■ **Directions**:
Out of the material that follows, write out exactly the lines from the line with "PTI supporters take" to the line with "Urn or plant", both ends included, and no others.

■ **Working data**:

..........

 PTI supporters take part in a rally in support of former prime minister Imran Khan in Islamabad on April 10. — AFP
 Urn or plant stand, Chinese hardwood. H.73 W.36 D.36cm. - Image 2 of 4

..........

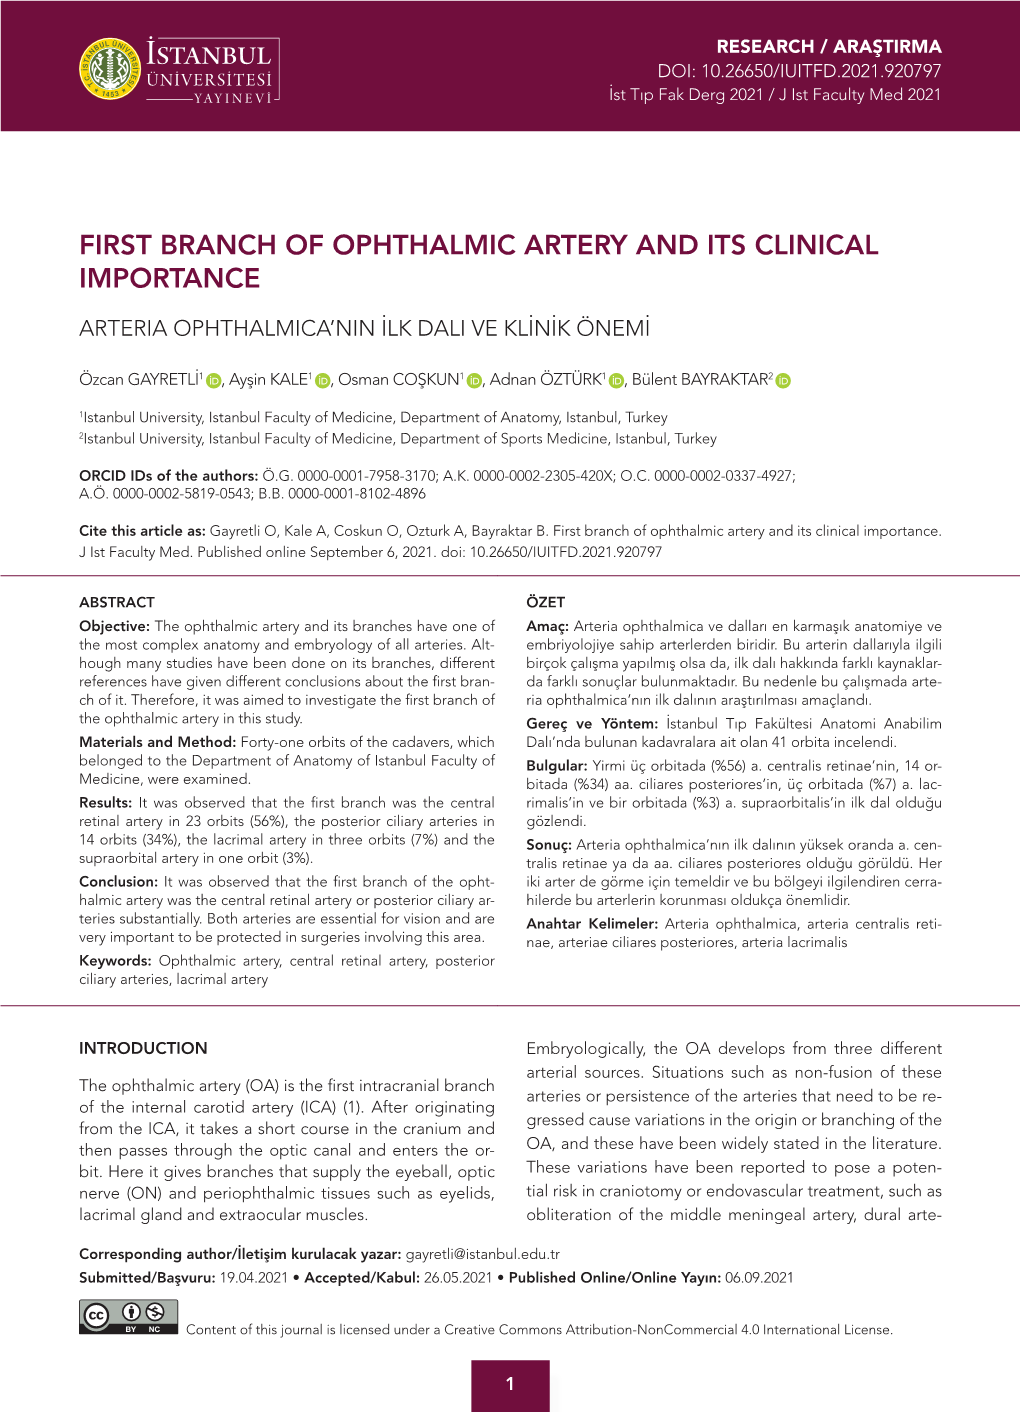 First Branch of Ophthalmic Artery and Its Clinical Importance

..........

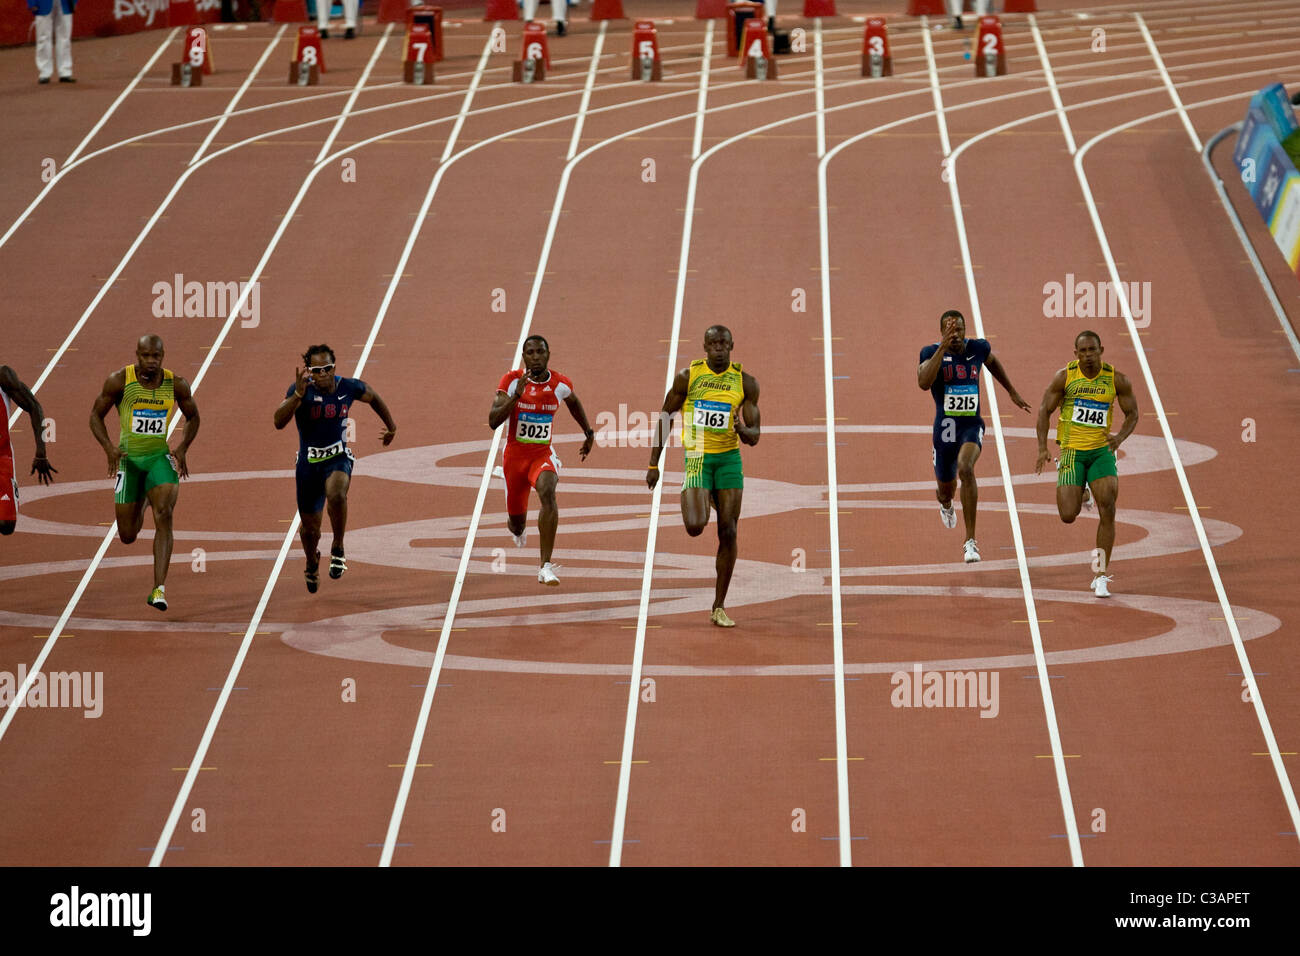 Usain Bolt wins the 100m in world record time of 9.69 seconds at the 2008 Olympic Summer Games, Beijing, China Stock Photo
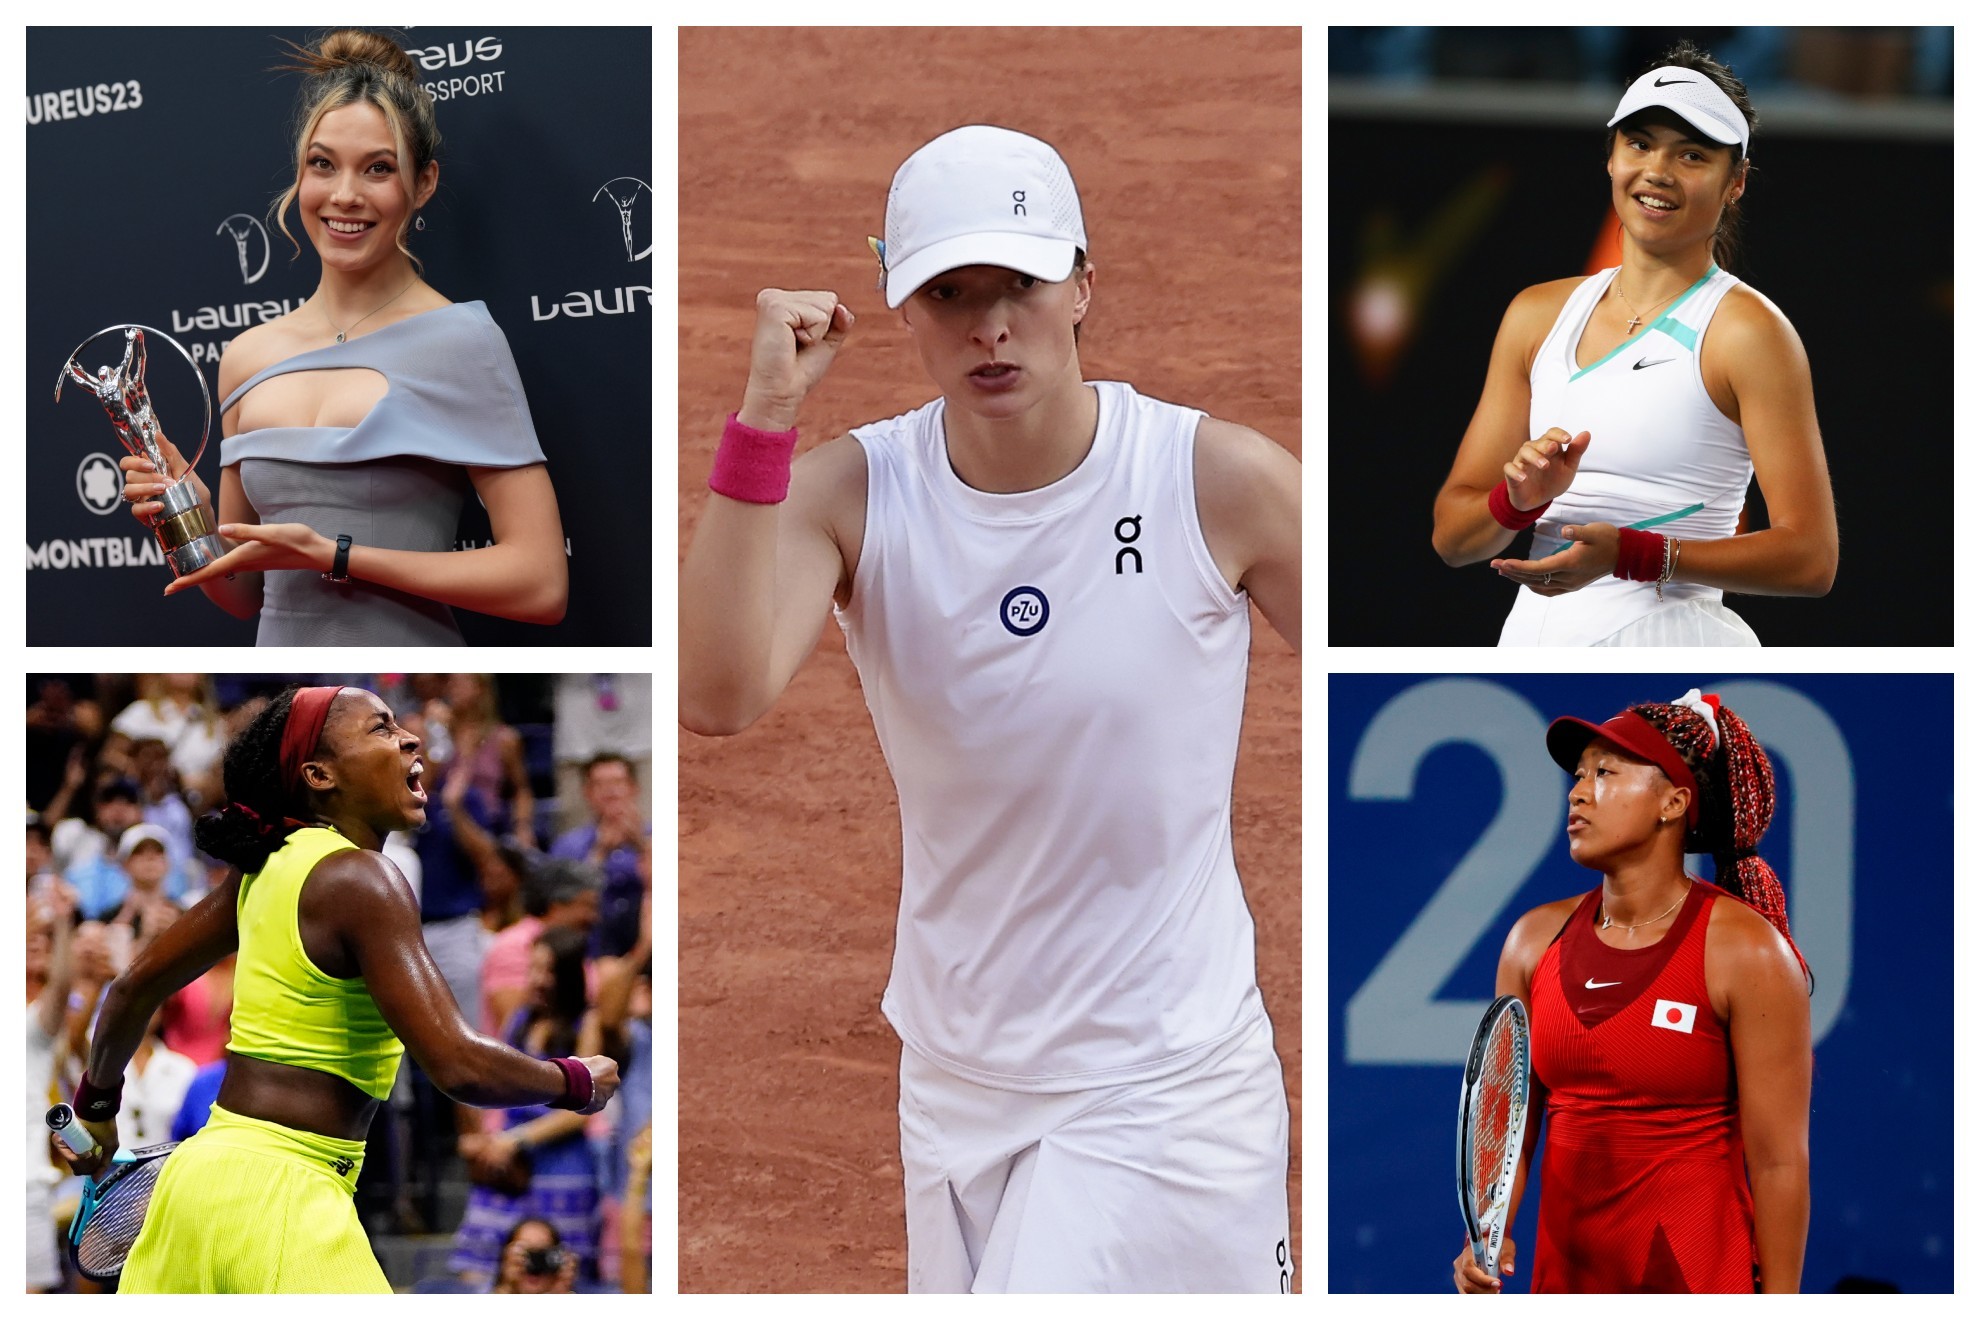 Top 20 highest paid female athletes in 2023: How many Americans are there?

..........

■ **Answer space**:
 PTI supporters take part in a rally in support of former prime minister Imran Khan in Islamabad on April 10. — AFP
 Urn or plant stand, Chinese hardwood. H.73 W.36 D.36cm. - Image 2 of 4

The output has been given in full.